PODER JUDICIÁRIO DO ESTADO DO PIAUÍ
TRIBUNAL DE JUSTIÇA DO ESTADO DO PIAUÍ

4ª Câmara Especializada Cível

AGRAVO INTERNO CÍVEL (1208) Nº 0803197-28.2024.8.18.0028
AGRAVANTE: BANCO DO BRASIL SA
Advogado(s) do reclamante: WILSON SALES BELCHIOR
AGRAVADO: IARA DA SILVA LIMA ROCHA
Advogado(s) do reclamado: EMILHY LAYNI DOS SANTOS CHAVES, MARIA LUCIA MOTA DA SILVA NETA, ADRIANO PAULO DA SILVA
RELATOR(A): Desembargador OLÍMPIO JOSÉ PASSOS GALVÃO

 

 

EMENTA 

Agravo Interno em Apelação Cível. Direito Civil e Processual Civil. PASEP. Ação ressarcitória. Prescrição.

I. Caso em exame

  1. Agravo interno interposto pelo Banco do Brasil S.A. contra decisão monocrática que deu provimento à apelação da autora para afastar o reconhecimento da prescrição e determinar o retorno dos autos ao juízo de origem para instrução processual.
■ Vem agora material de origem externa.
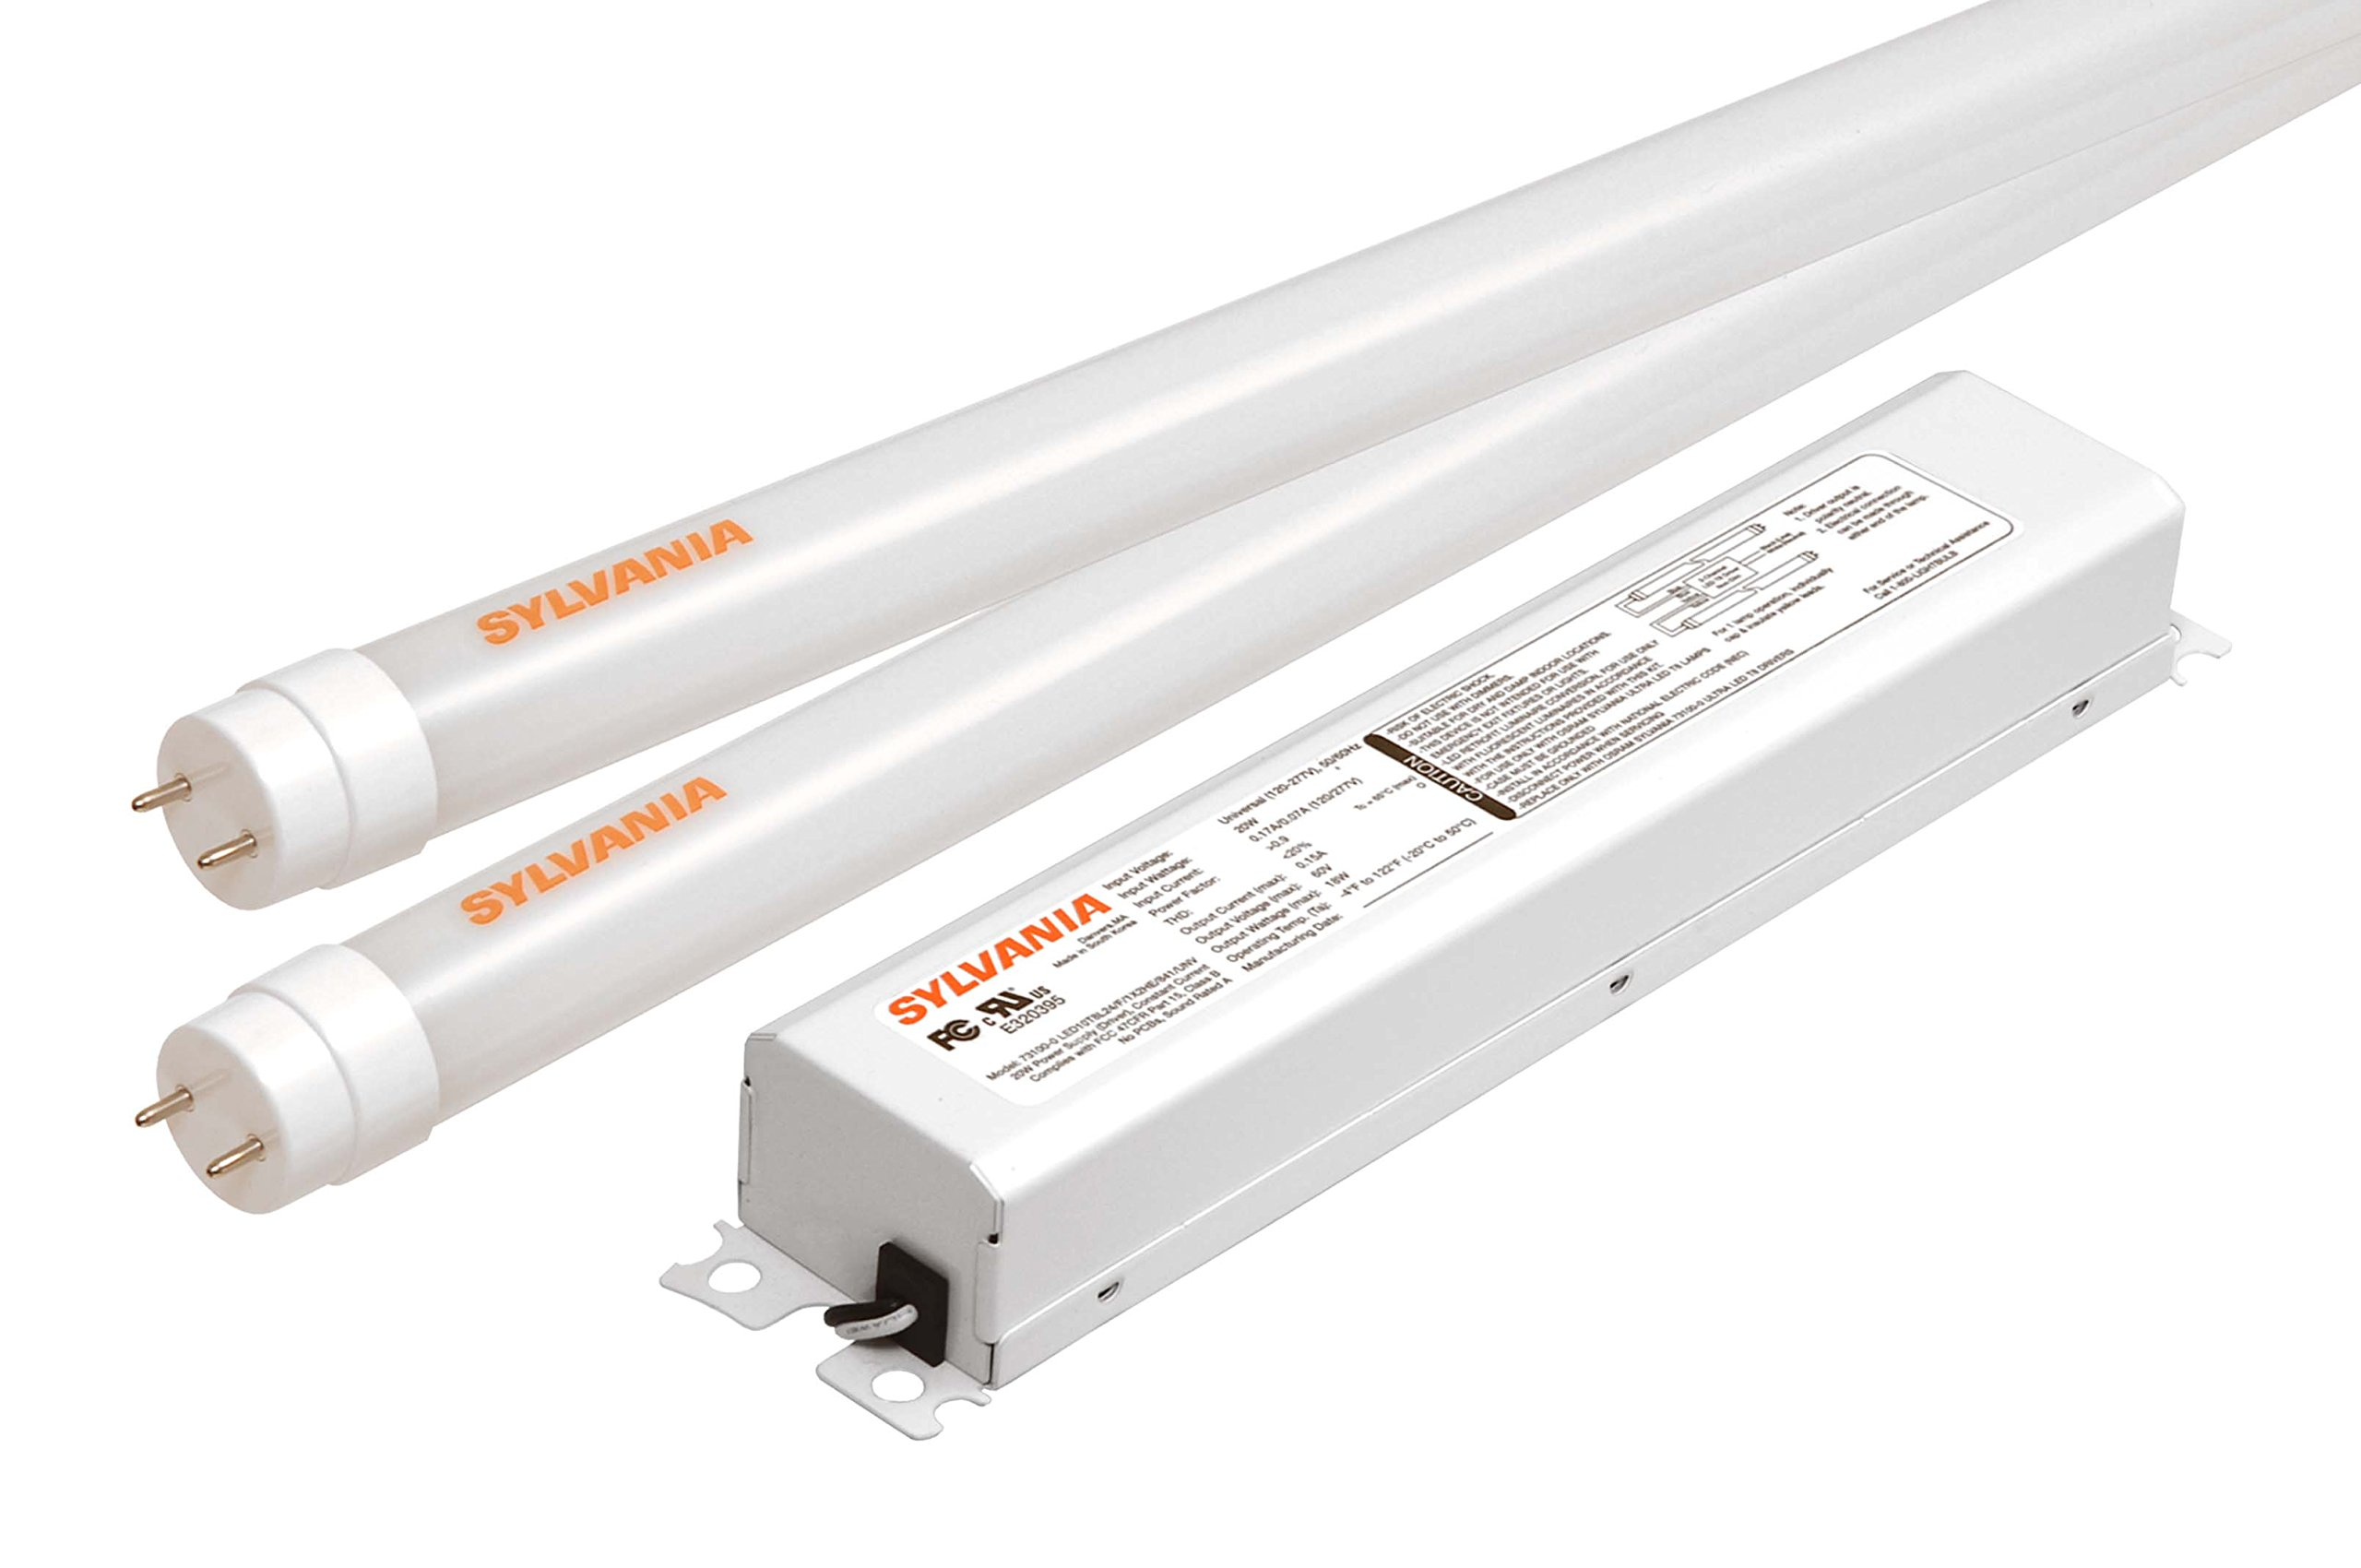 SYLVANIA Ultra HE LED T8 Retrofit Kit / Two Lamp LED Tubes replacing 2-Feet Fluorescent (T12 or T8) / Medium bi-pin base G13 / 10 Watt / 3500K – warm white by Sylvania Home Lighting

  2. A sentença de primeiro grau havia extinguido o feito com resolução do mérito, reconhecendo a prescrição da pretensão ressarcitória fundada em alegados desfalques em conta individual vinculada ao PASEP.

II. Questões em discussão

  1. Definir se a decisão monocrática deve ser reformada, especialmente quanto
    (i) ao prazo prescricional aplicável às ações ressarcitórias envolvendo contas do PASEP
    (ii) ao termo inicial da contagem desse prazo diante da realização de saque integral dos valores depositados
    (iii) à necessidade ou não de dilação probatória para verificação da ciência inequívoca do alegado prejuízo.

III. Razões de decidir

  1. A pretensão de ressarcimento por alegados desfalques em conta individual vinculada ao PASEP submete-se ao prazo prescricional decenal previsto no art. 205 do Código Civil, conforme entendimento firmado pelo Superior Tribunal de Justiça no Tema Repetitivo 1150.
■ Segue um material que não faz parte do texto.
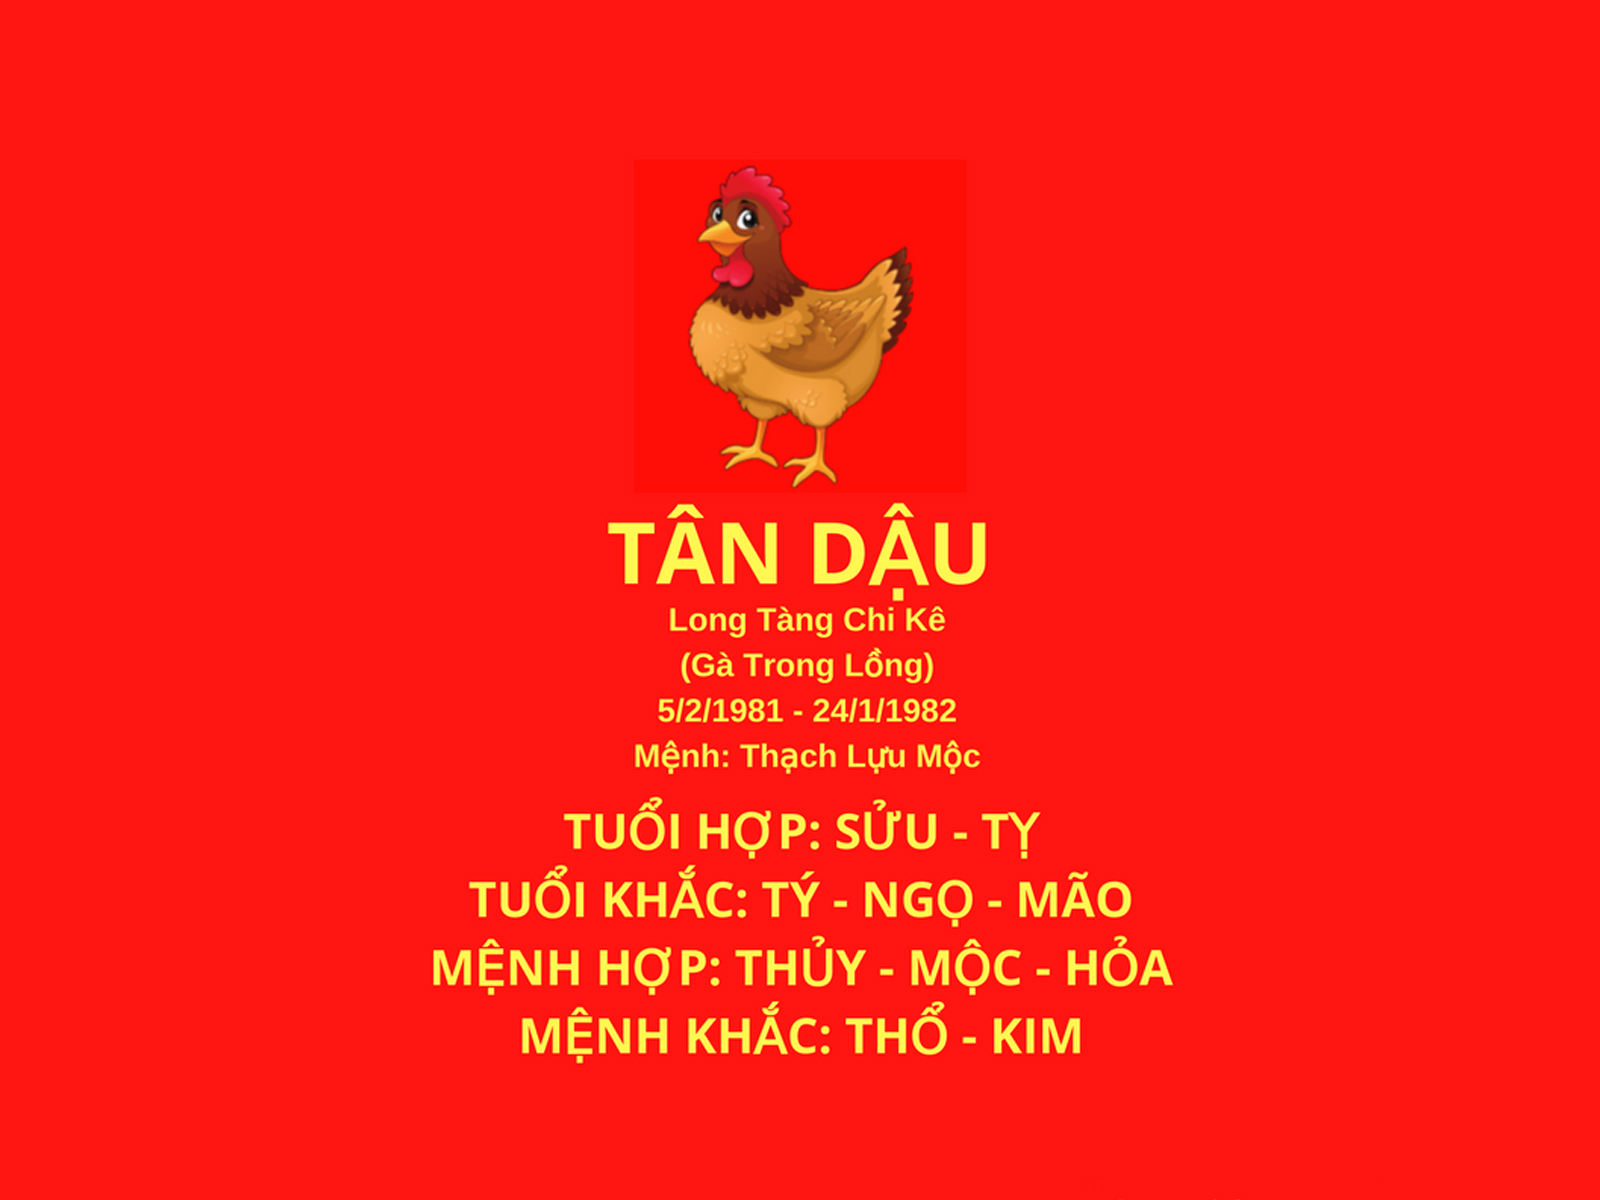 hinh anh chon huong nha tuoi Tan Dau 1981 ruoc tai loc 1

  2. Nos termos da orientação firmada no Tema 1387 do STJ, a realização de saque integral do saldo existente na conta vinculada constitui elemento apto a evidenciar a ciência inequívoca do titular acerca da composição dos valores disponibilizados, permitindo a verificação de eventual prejuízo.

  3. Demonstrado nos autos que a autora efetuou o saque integral do saldo do PASEP em 11 de dezembro de 2007, tem-se caracterizado o marco inicial da contagem do prazo prescricional.
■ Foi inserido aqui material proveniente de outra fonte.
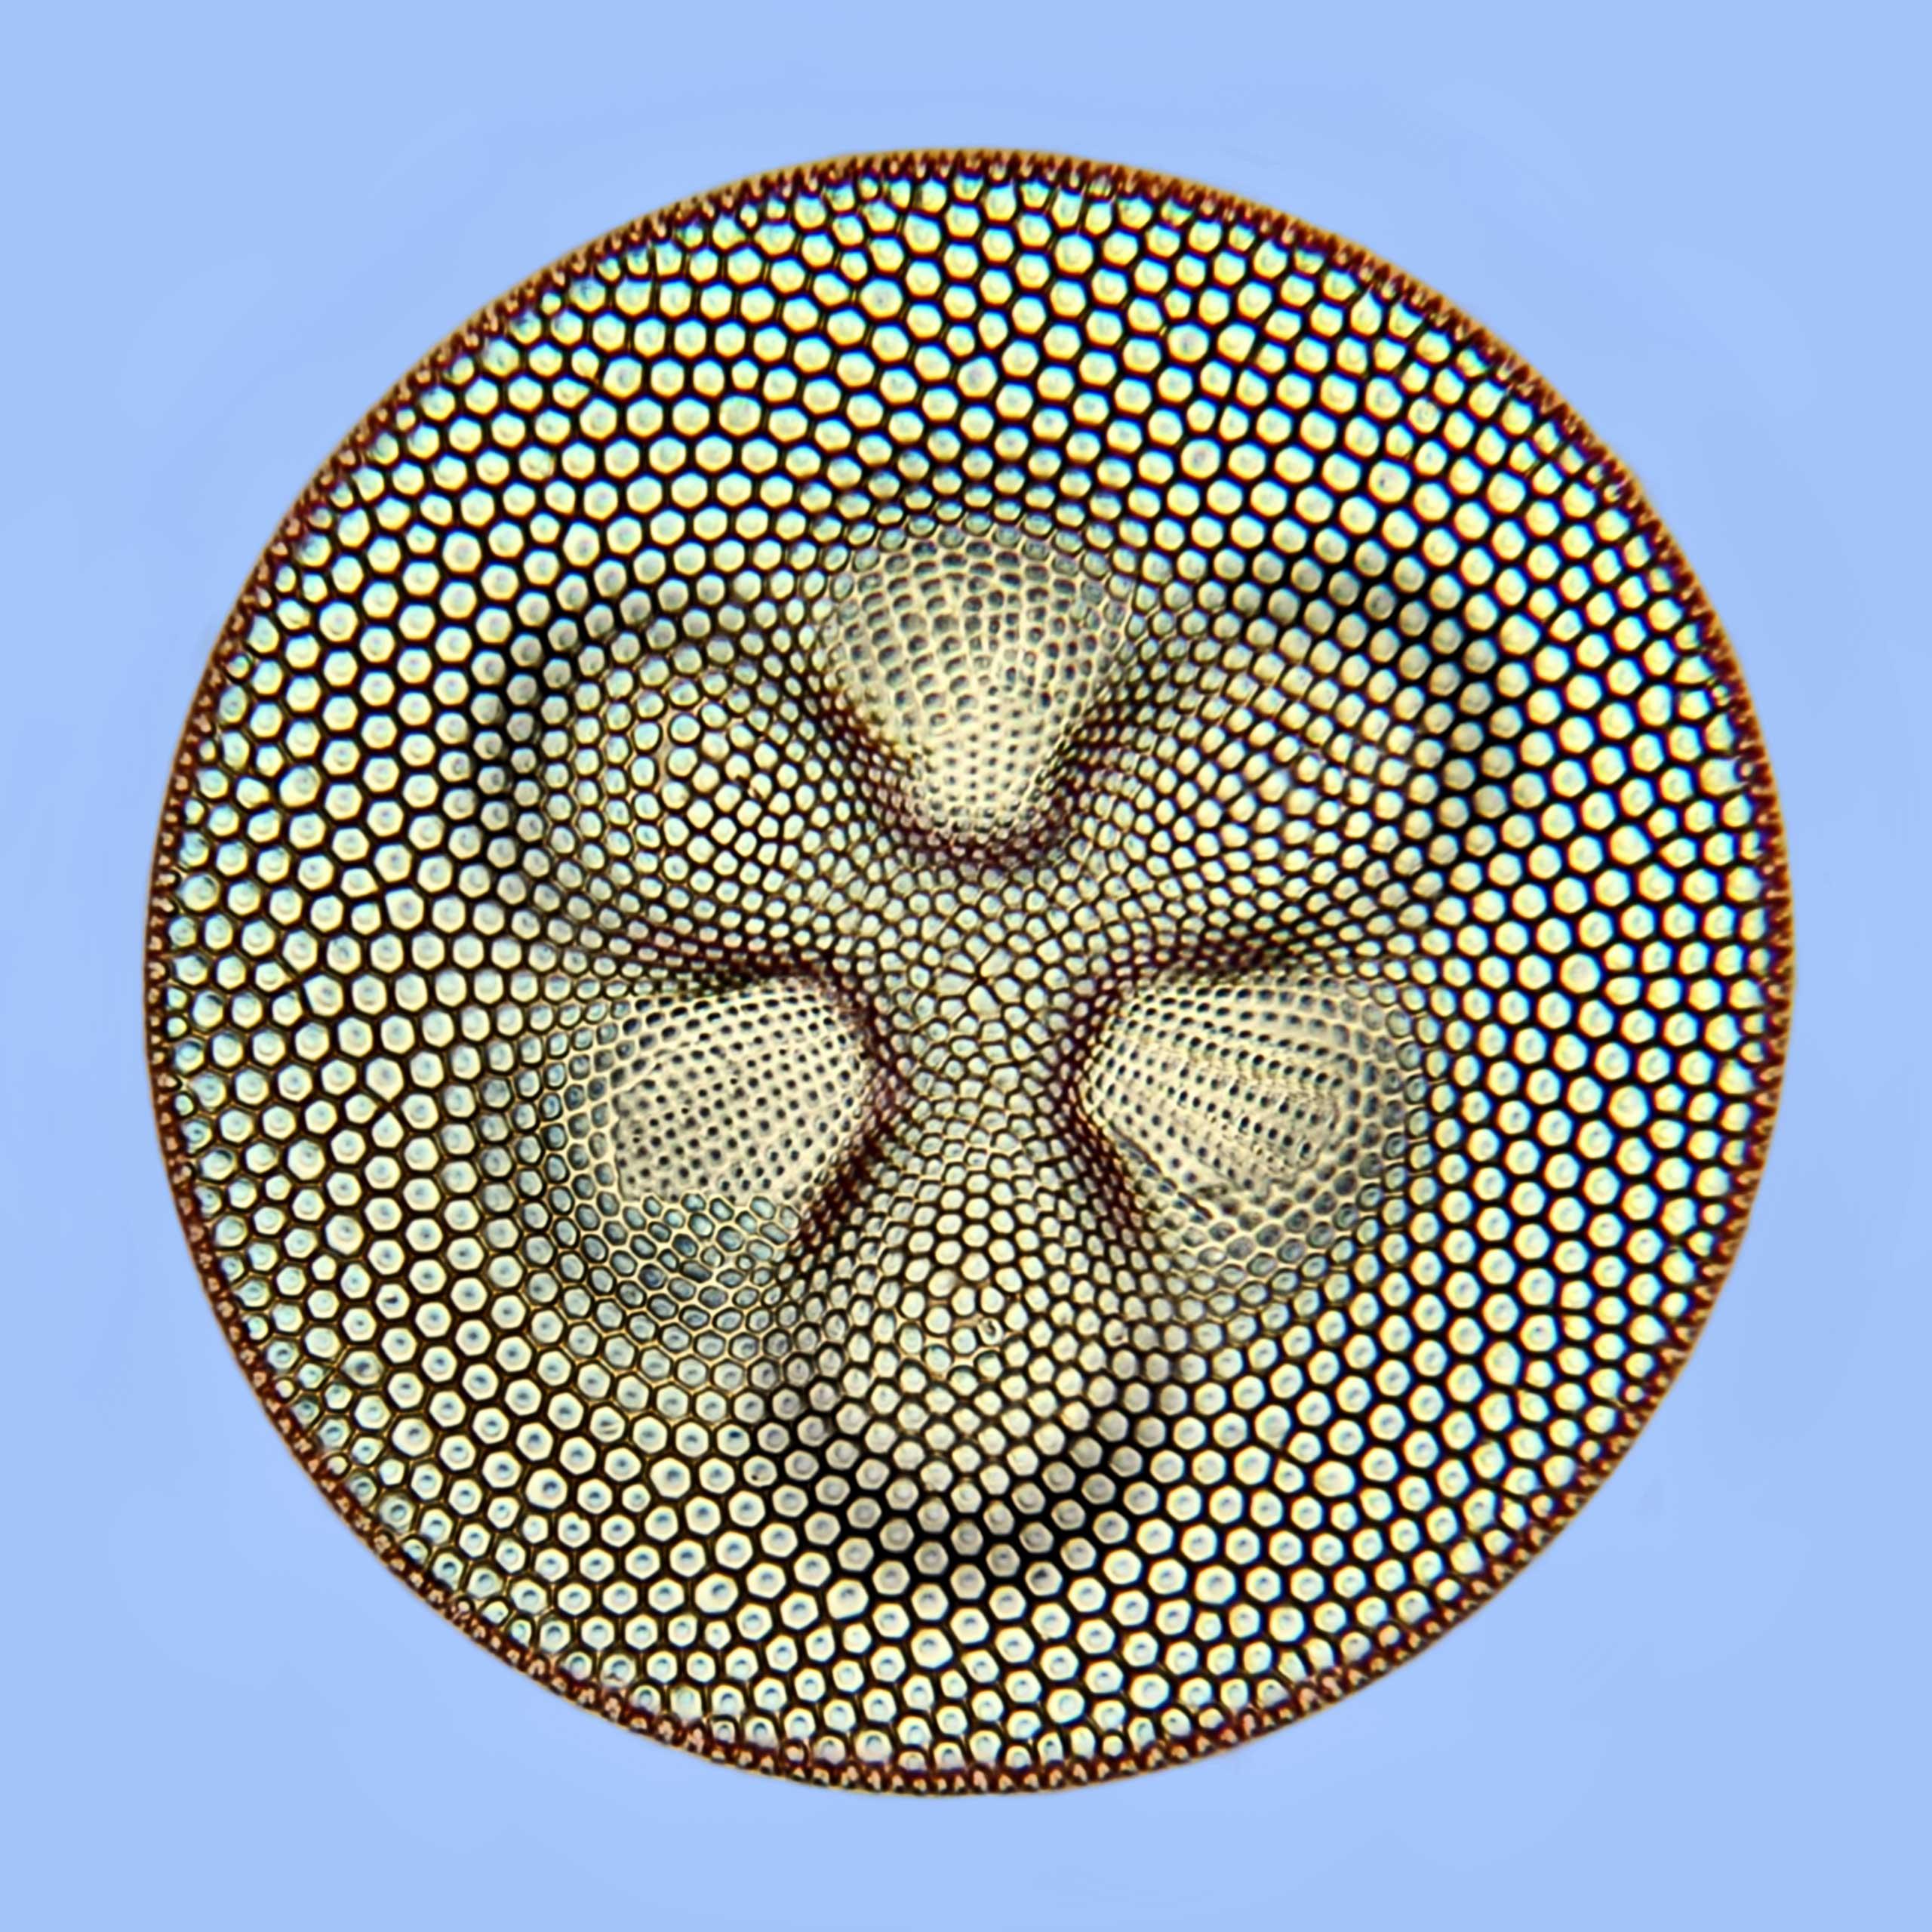 A diatom at 500x magnification.

  4. Ajuizada a demanda apenas em 15 de outubro de 2024, evidencia-se o transcurso de lapso temporal superior a dez anos, impondo-se o reconhecimento da prescrição.

  5. Desnecessária a produção de prova adicional quando comprovado o levantamento integral dos valores, circunstância que afasta a necessidade de retorno dos autos à origem para instrução processual.

  6. Aplicação obrigatória dos precedentes qualificados, nos termos do art. 927, inciso III, do Código de Processo Civil.

IV. Dispositivo e tese

  1. Agravo interno conhecido e provido. Decisão monocrática reformada. Sentença restabelecida integralmente.

  2. Tese. Nas ações ressarcitórias envolvendo contas vinculadas ao PASEP, a realização de saque integral configura marco de ciência inequívoca do titular acerca do saldo disponibilizado, iniciando a contagem do prazo prescricional decenal previsto no art. 205 do Código Civil, nos termos dos Temas 1150 e 1387 do Superior Tribunal de Justiça.

 

 

ACÓRDÃO

Vistos, relatados e discutidos estes autos em Plenário Virtual realizada de 27/03/2026 a 07/04/2026, acordam os componentes do(a) 4ª Câmara Especializada Cível do Tribunal de Justiça do Estado do Piauí, por unanimidade, conhecer e dar provimento ao recurso, nos termos do voto do(a) Relator(a).

 

Desembargador OLÍMPIO JOSÉ PASSOS GALVÃO

Relator

 

 

RELATÓRIO

 

Trata-se de Agravo Interno interposto por Banco do Brasil S.A. contra decisão monocrática que deu provimento à Apelação Cível interposta por Iara da Silva Lima Rocha, afastando o reconhecimento da prescrição e determinando o retorno dos autos ao juízo de origem para regular prosseguimento do feito.

Na origem, a autora ajuizou ação revisional de conta vinculada ao PASEP alegando a ocorrência de desfalques decorrentes de suposta má gestão dos valores depositados. O juízo de primeiro grau julgou prescrita a pretensão autoral, extinguindo o processo com resolução do mérito.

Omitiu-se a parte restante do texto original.